## How to complete this task:
Using the listing below, print the line containing "Ritratto di un", the line containing "botte | vente", and each line between them, exactly and nothing else. Pictures stay out of the print.

## Records for processing:
──────────────────────────────
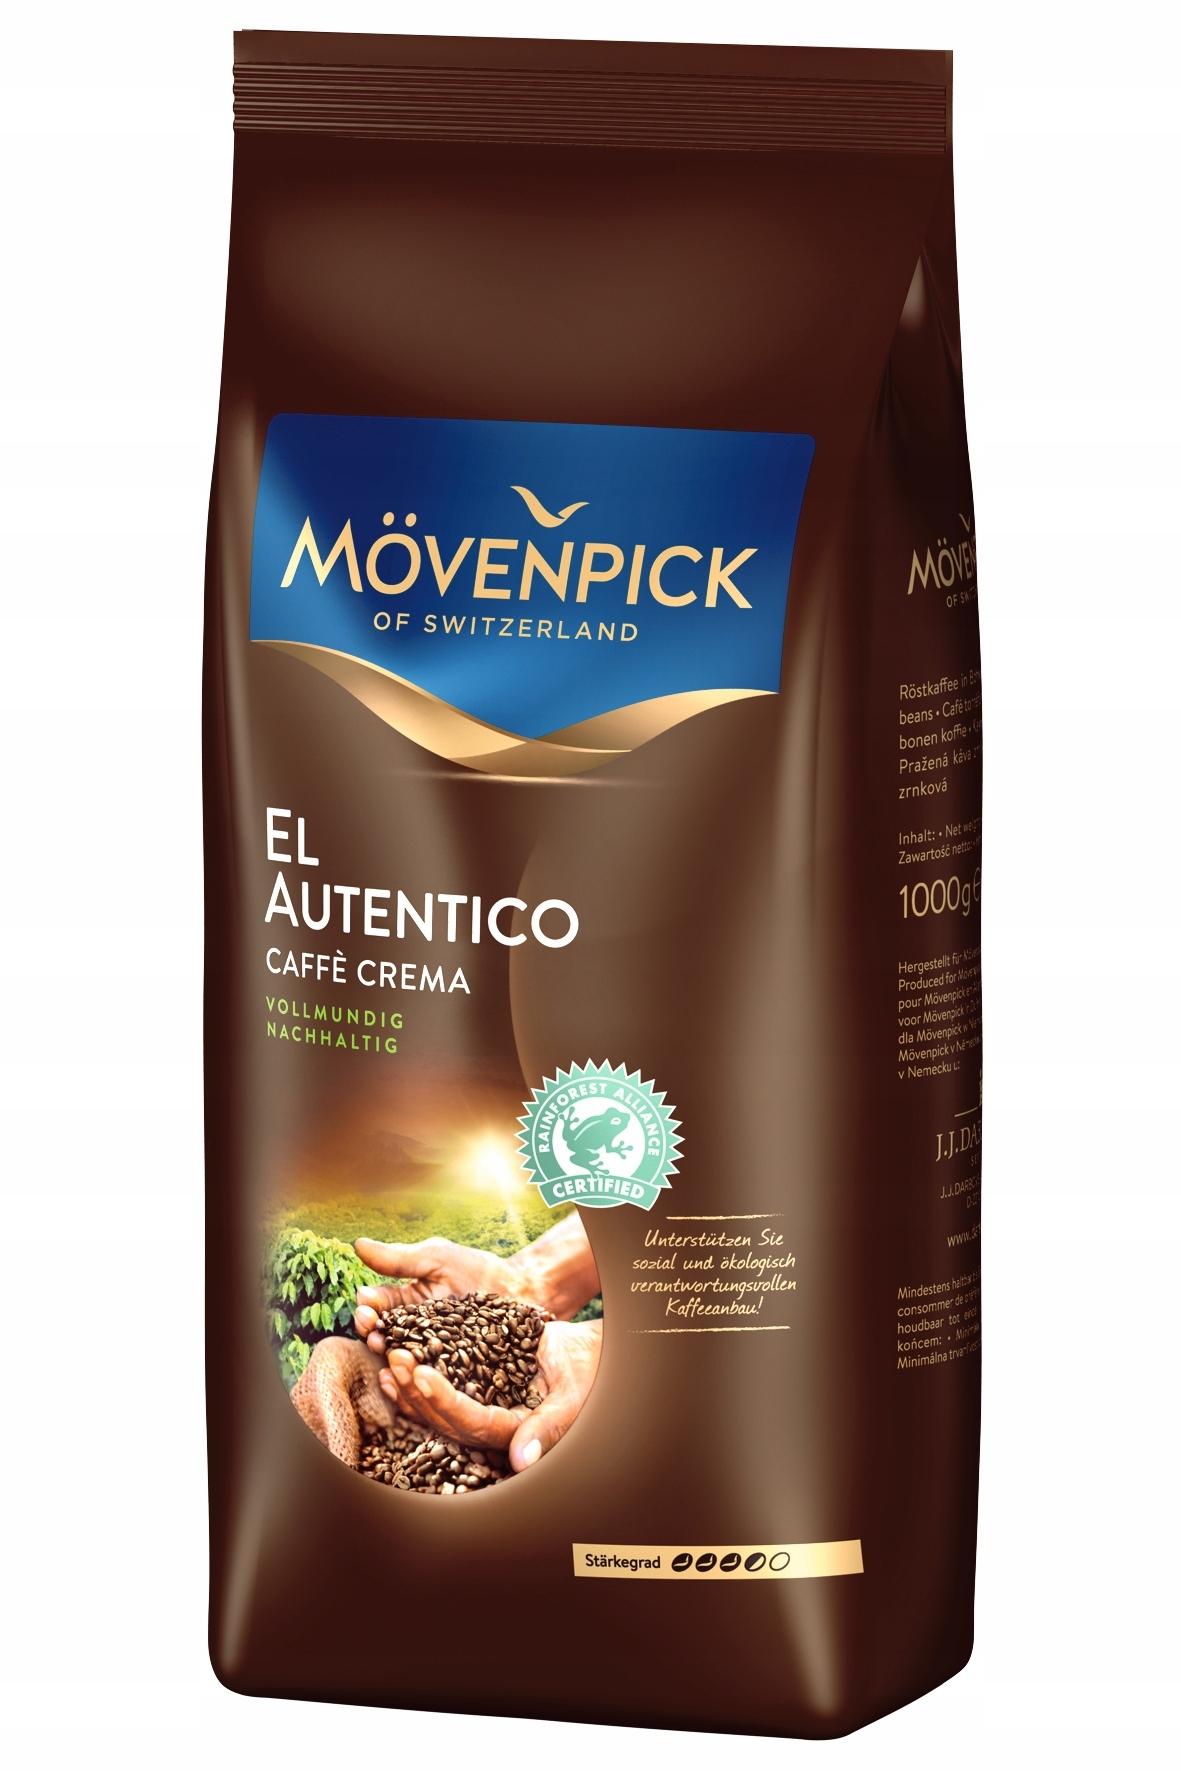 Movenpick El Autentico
──────────────────────────────
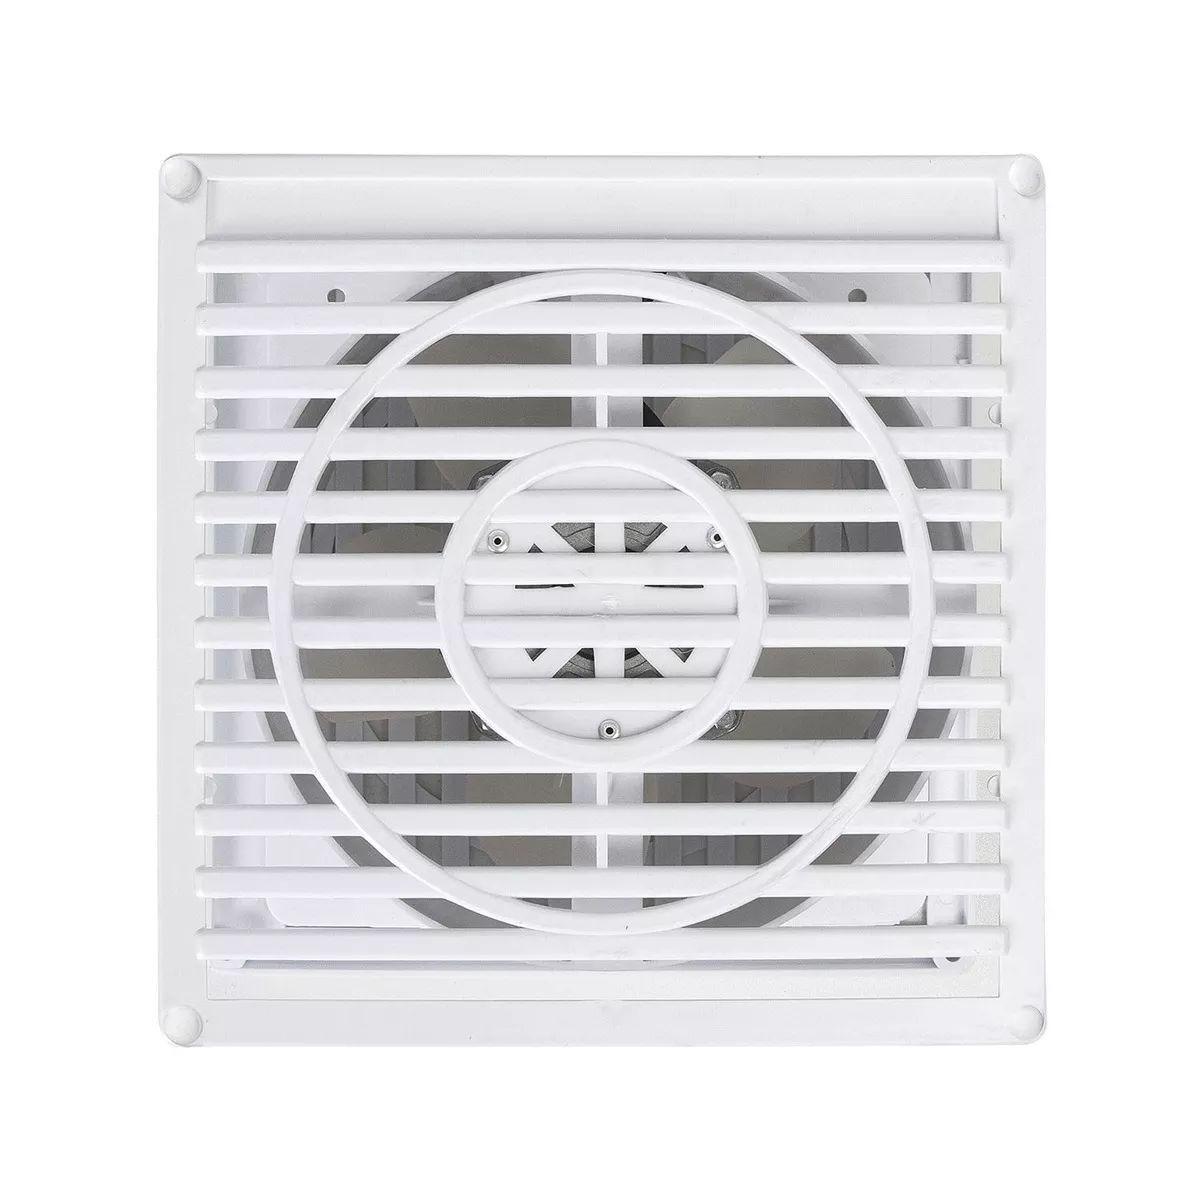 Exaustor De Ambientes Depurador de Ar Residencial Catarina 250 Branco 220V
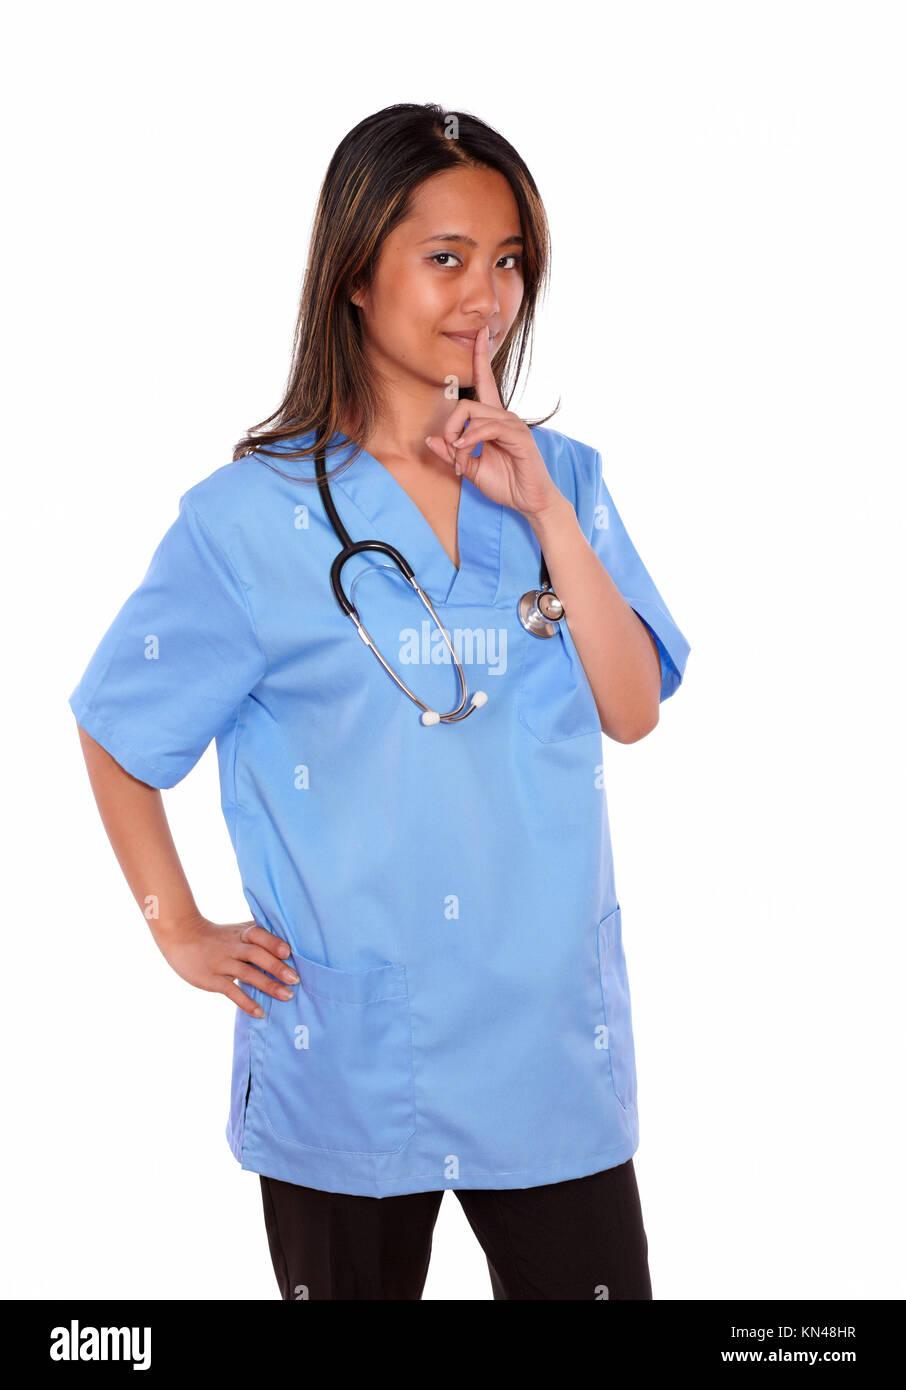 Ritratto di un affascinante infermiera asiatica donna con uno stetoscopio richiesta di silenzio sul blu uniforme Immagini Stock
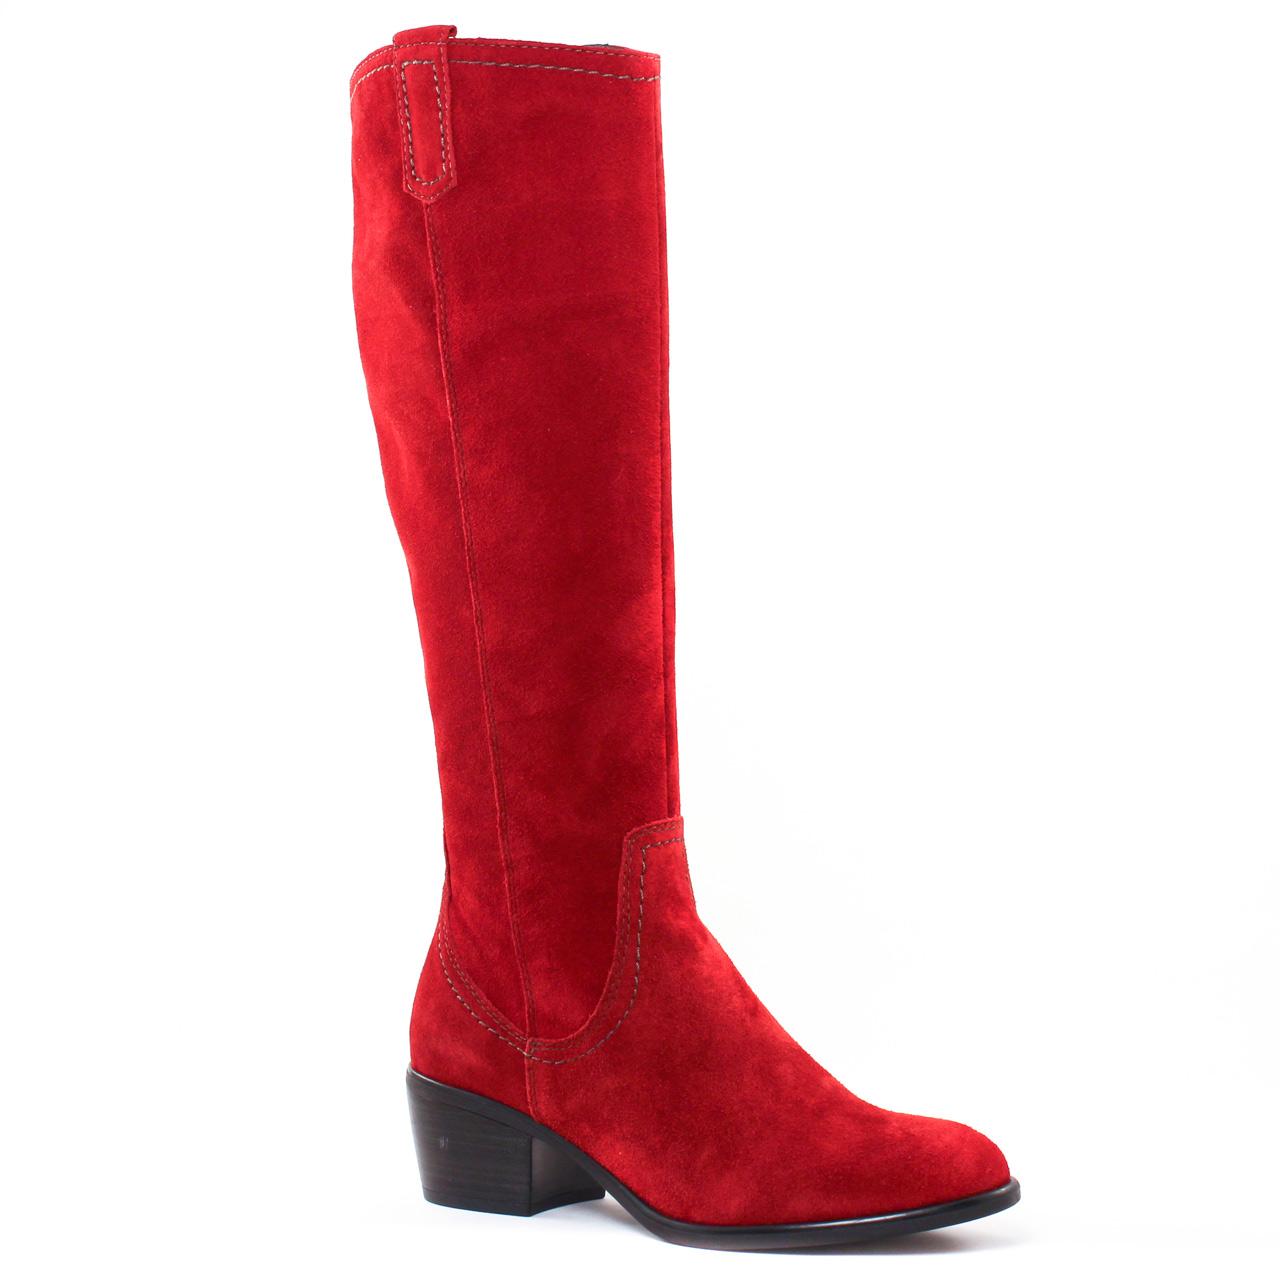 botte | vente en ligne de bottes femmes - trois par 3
──────────────────────────────
## Response:
 Ritratto di un affascinante infermiera asiatica donna con uno stetoscopio richiesta di silenzio sul blu uniforme Immagini Stock
 botte | vente en ligne de bottes femmes - trois par 3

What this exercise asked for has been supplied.